2012 proved to be another successful year for DIC Asset AG:
– We broadened the revenue basis of the real estate portfolio and of our other business activities, and further improved the high quality of income.
– This was facilitated, aside from the expansion of the fund business and attractive acquisitions for the Commercial Portfolio, by achieving once again a very high letting result that reduced the vacancy faster than expected by the end of the year, significantly bringing it down by another 1.5 percentage points, down to roughly 11 per cent by now.
– Very large-scale marketing successes have helped us to push the development of the MainTor project in Frankfurt much faster than planned. As a result, more than 60 per cent of the project volume is already in the realisation stage.
– Successful sales, adding up to a transaction volume of more than EUR 150 million in 2012, complete the positive picture.
– All things considered, we will significantly exceed the FFO result of 2011 (EUR 40.6 million). It will be in the range of EUR 43 to 45 million in 2012, just the way we planned it.
– Moreover, we reinforced our financial basis and structure, further reduced our average interest rate, and prematurely negotiated imminent refinancing deals, all of which added up to a realised financing volume of approx.
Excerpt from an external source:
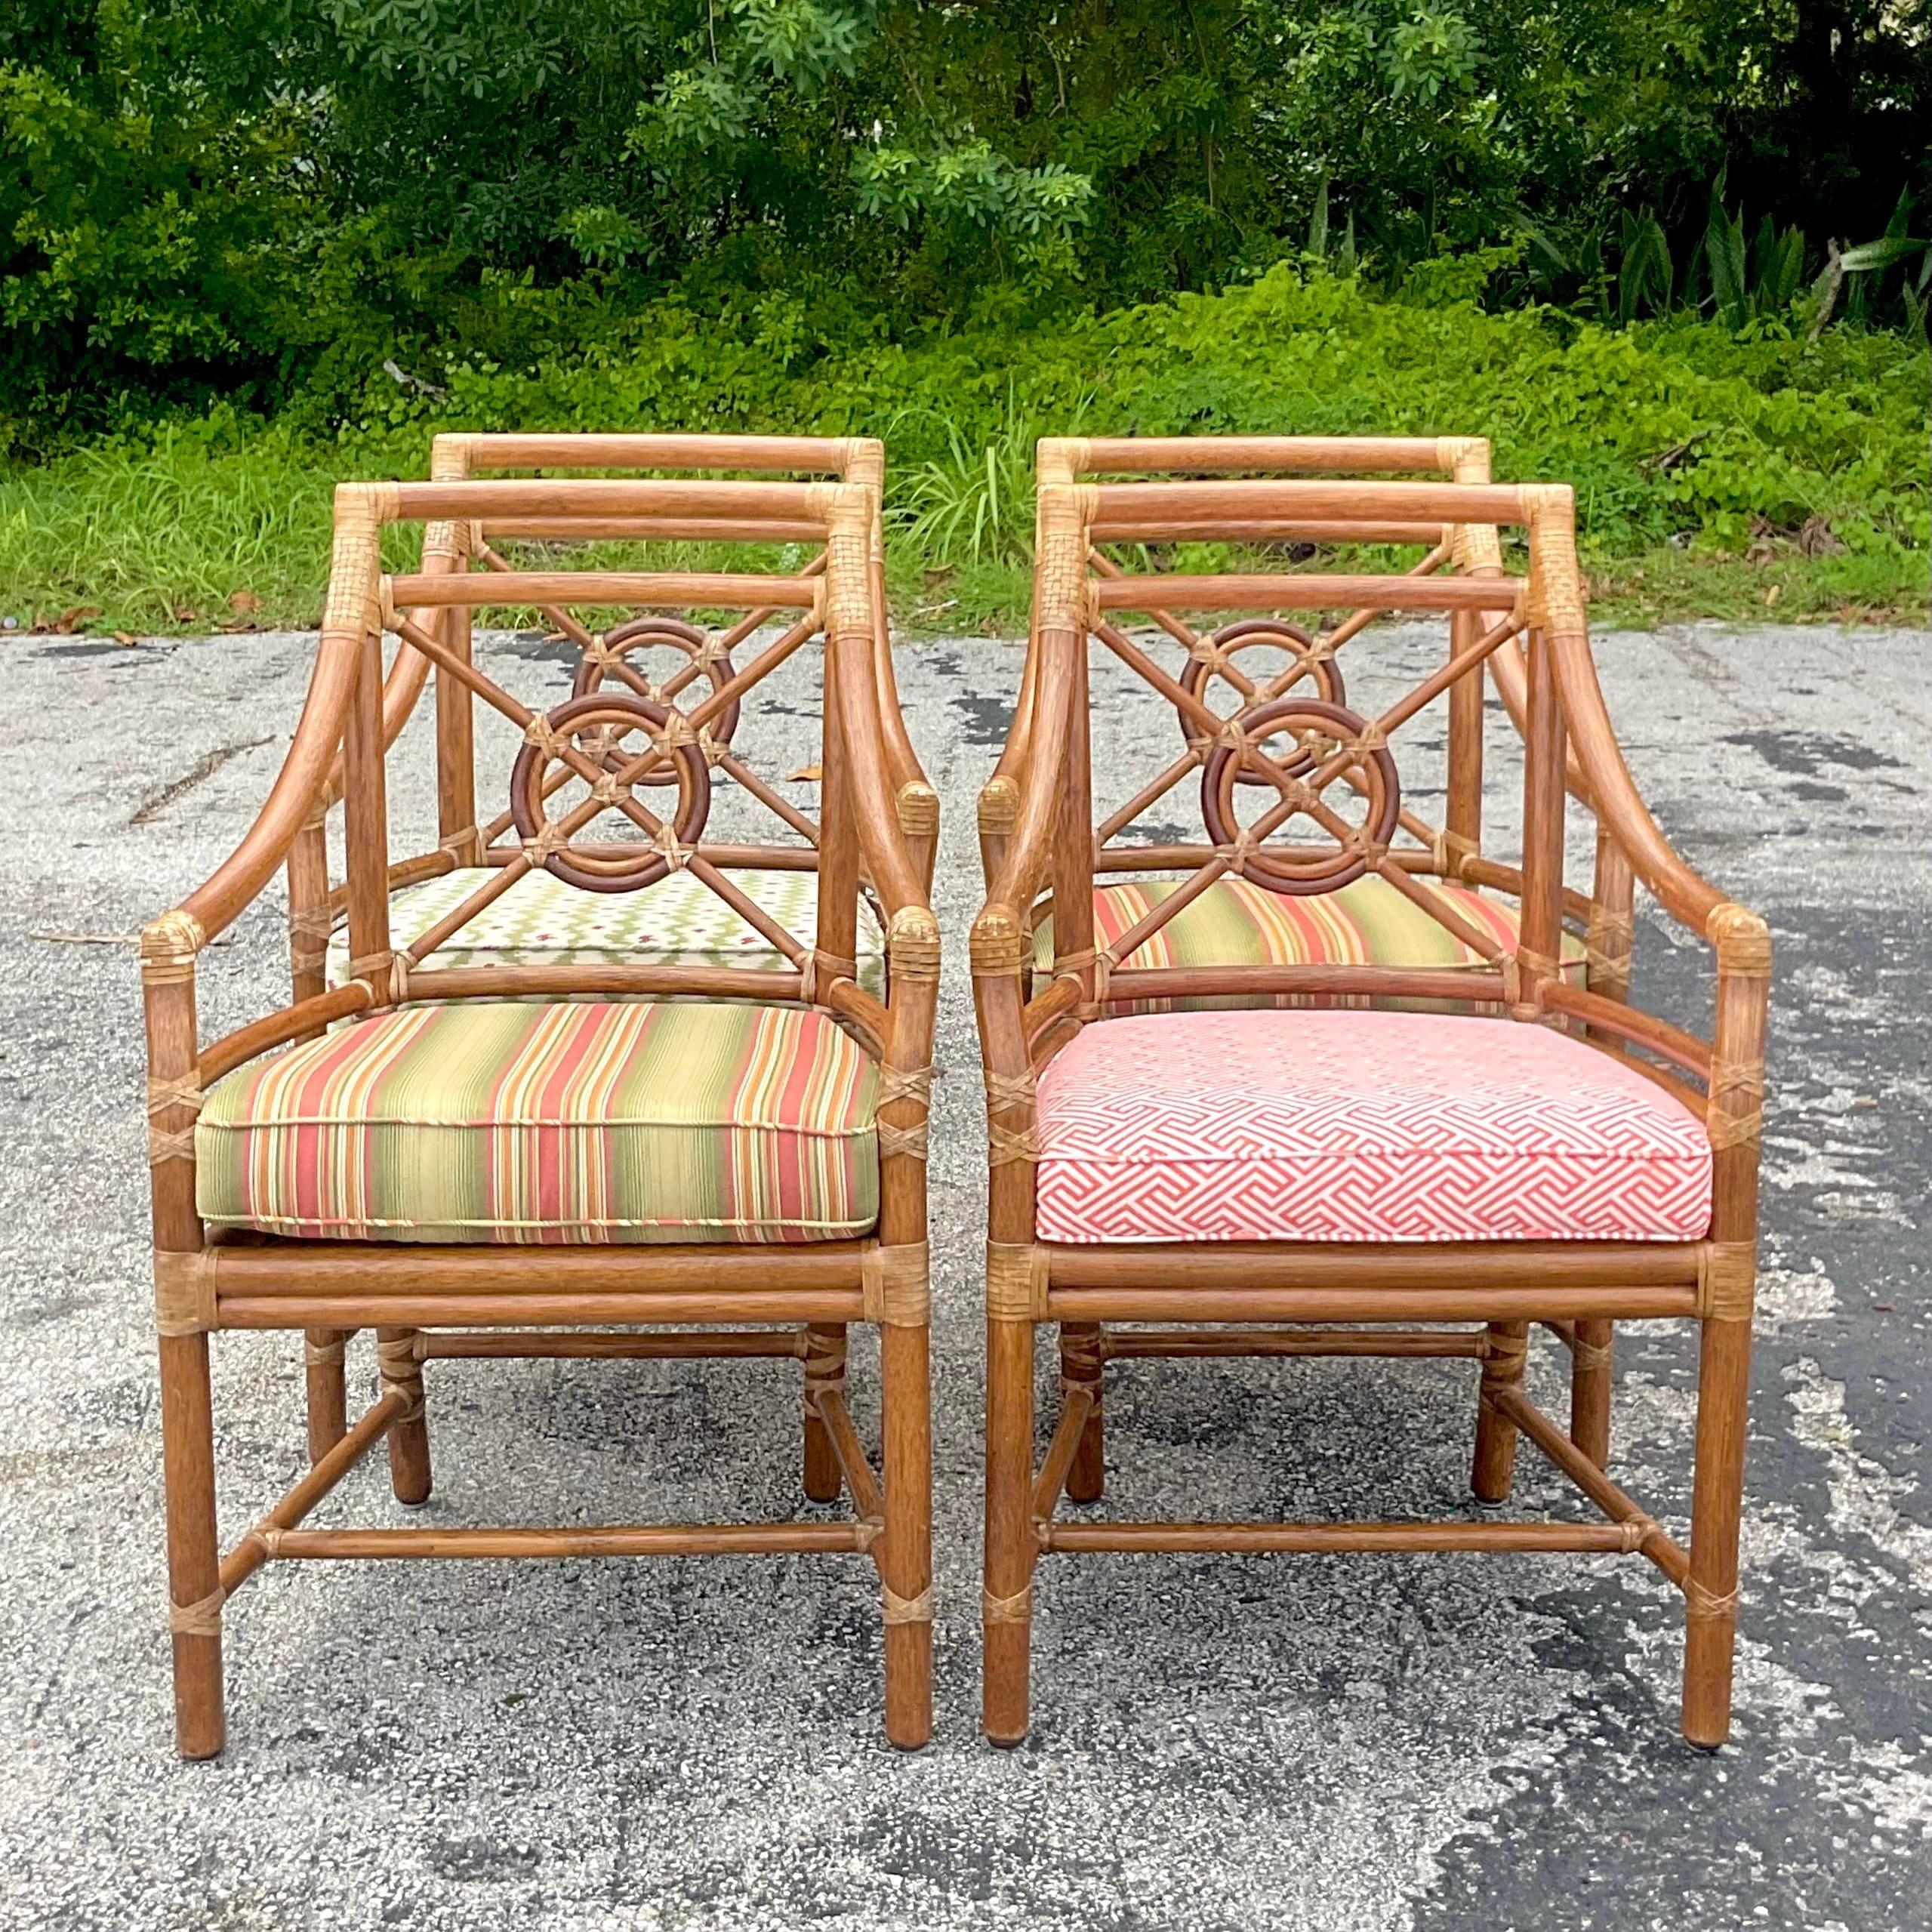 Vintage Coastal Rattan dining chairs. Made by the iconic McGuire group and tagged on the bottom. The coveted Target back design. Chic loose cushions in four different, but coordinating upholstery. Acquired from a Palm Beach estate

EUR 640 million.
The letting result once again achieved a very high level of around 238,000 sqm (2011: 247,000 sqm). Out of this total, new letting contracts accounted for around 114,000 sqm (2011: 120,000 sqm). Similarly, lease renewals in 2012 matched the previous year’s result at around 124,000 sqm (2011: 127,000 sqm). This letting performance has meant another significant reduction of the vacancy rate, which now stands at around 11 per cent (2011: 12.4 per cent). While being a huge improvement in and of itself, the year-end result substantially exceeded our target of 11.5 per cent for 2012, too. It means that we succeeded in pushing down the vacancy rate by more than three percentage points over the past two years, 2011 and 2012. A preliminary estimate suggests that the like-for-like rental income rose by around one per cent in 2012.
The letting volume is based on more than 320 letting contracts signed in all size categories. As far as existing buildings are concerned, the largest new lettings signed in 2012 involved BASF in Mannheim (9,400 sqm), the technology firm sunways in Constance (5,300 sqm) and Mainova in Frankfurt (5,000 sqm). The most important renewals were concluded with SAP in Berlin (13,200 sqm), Siemens in Erlangen (11,000 sqm) and the State of Baden-Württemberg in Mannheim (9,200 sqm). These results are testimony to the successful work of DIC Onsite and its tenant-oriented management. We also continued to enhance the productivity of our real estate management: The organisation structure of DIC Onsite was further optimised, and by investing in a new integrated EDP platform that went live at the start of this year we boosted the efficiency of its asset management and property management processes.
The MainTor project has progressed considerably faster than expected due to major marketing successes we achieved. In August 2012, well ahead of start of construction, we sold the two construction stages ‘MainTor Panorama’ and ‘MainTor Patio’ on attractive terms in a forward deal for EUR 150 million. With two large-scale lettings of 17,000 sqm to CMS Hasche Sigle and Union Investment signed at the turn of the year, we already marketed around 35,000 sqm of commercial rental space, thereby achieving a forward commitment rate of nearly 85 per cent for the commercial sub-projects that are currently being marketed. As a result, around 60 per cent of the project volume has already advanced to the implementation stage, and certain key requirements for realising corresponding profits in the coming years are now in place.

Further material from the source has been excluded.